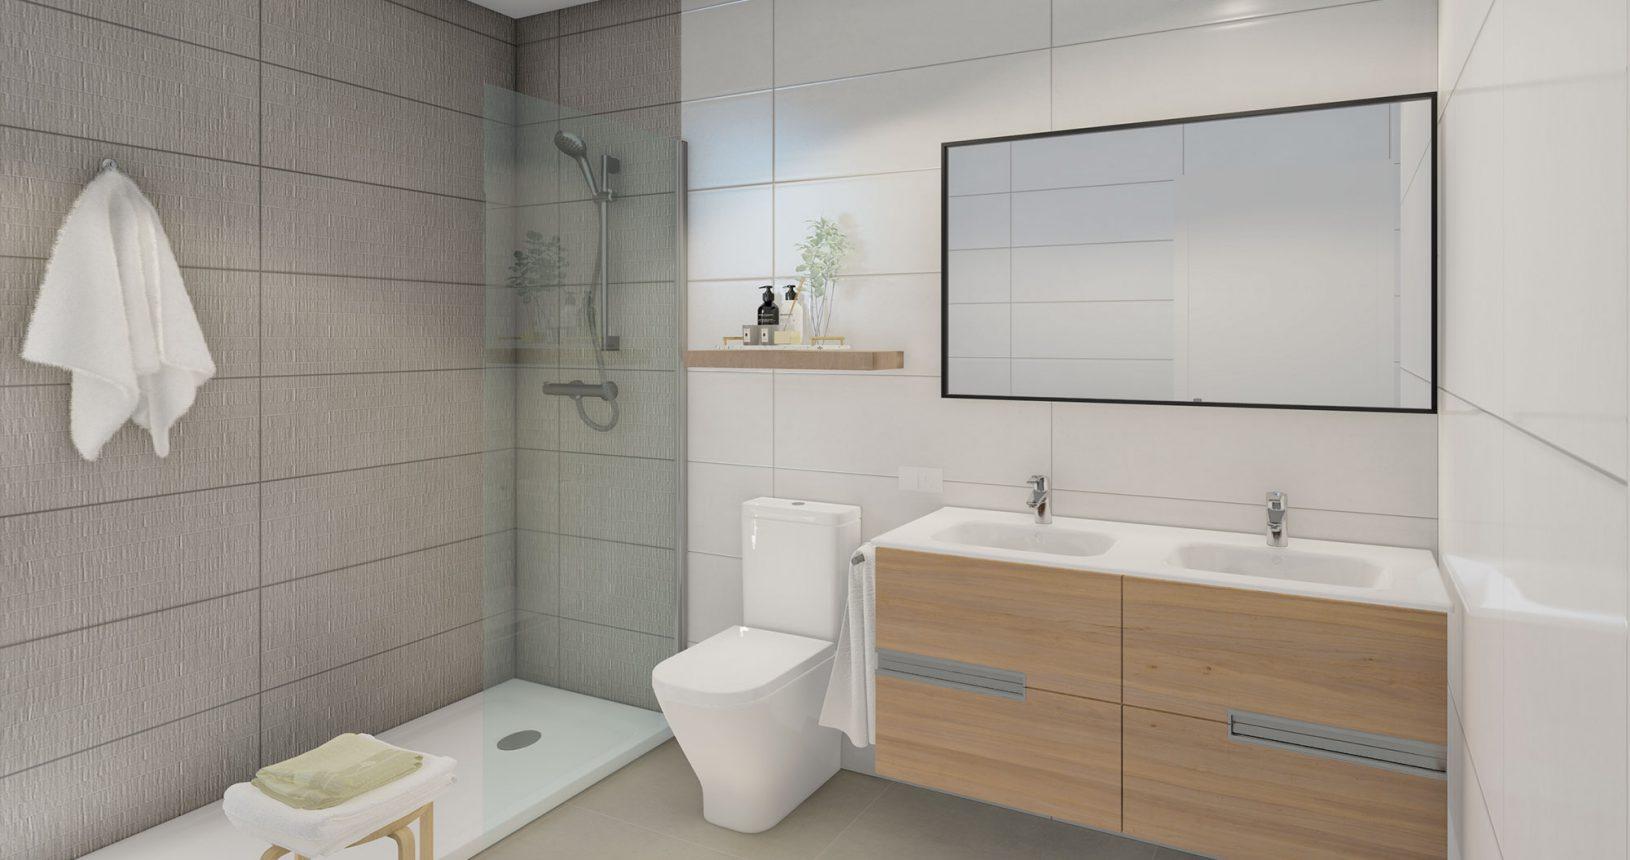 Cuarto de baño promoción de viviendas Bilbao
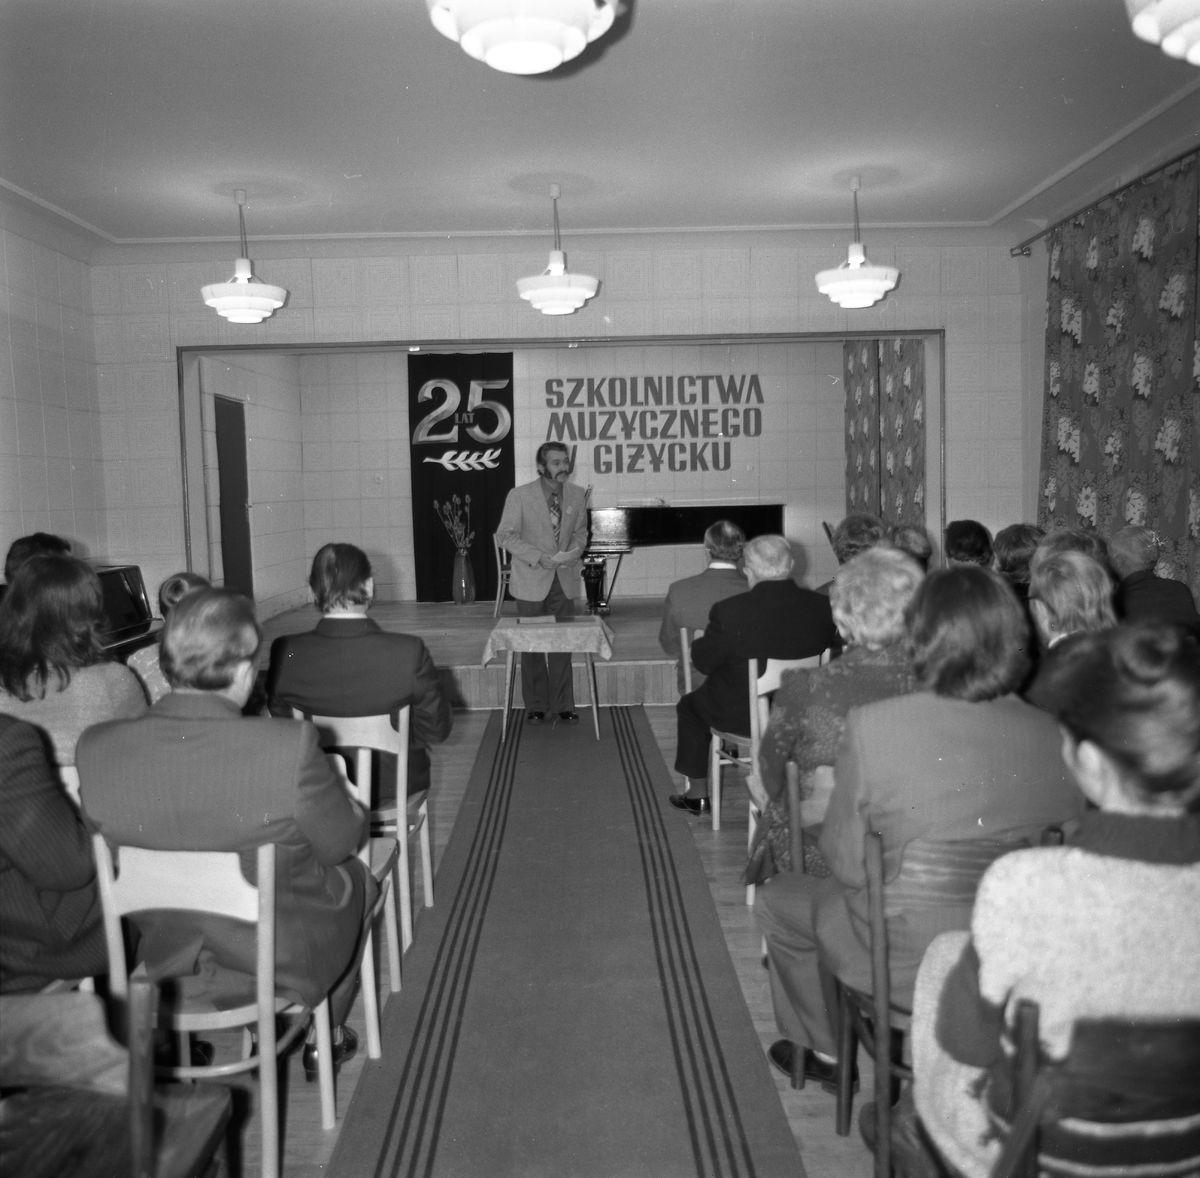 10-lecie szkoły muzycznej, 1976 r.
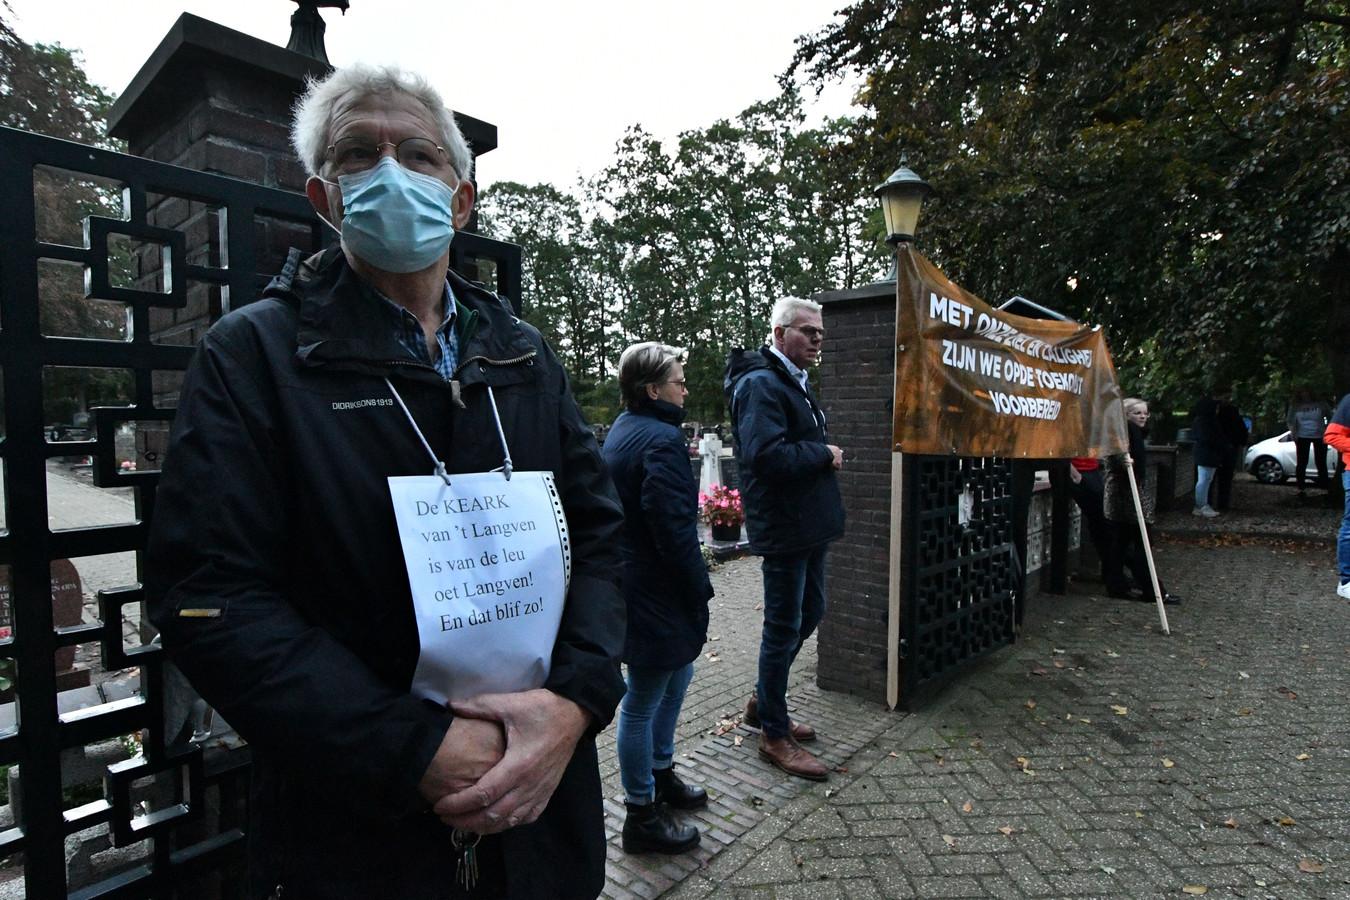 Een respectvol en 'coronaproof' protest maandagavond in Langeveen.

----

TASK STATEMENT: All of the data, minus its pictures, should be repeated exactly.

THE COMPLETED TASK:
 Cuarto de baño promoción de viviendas Bilbao
 10-lecie szkoły muzycznej, 1976 r.
 Een respectvol en 'coronaproof' protest maandagavond in Langeveen.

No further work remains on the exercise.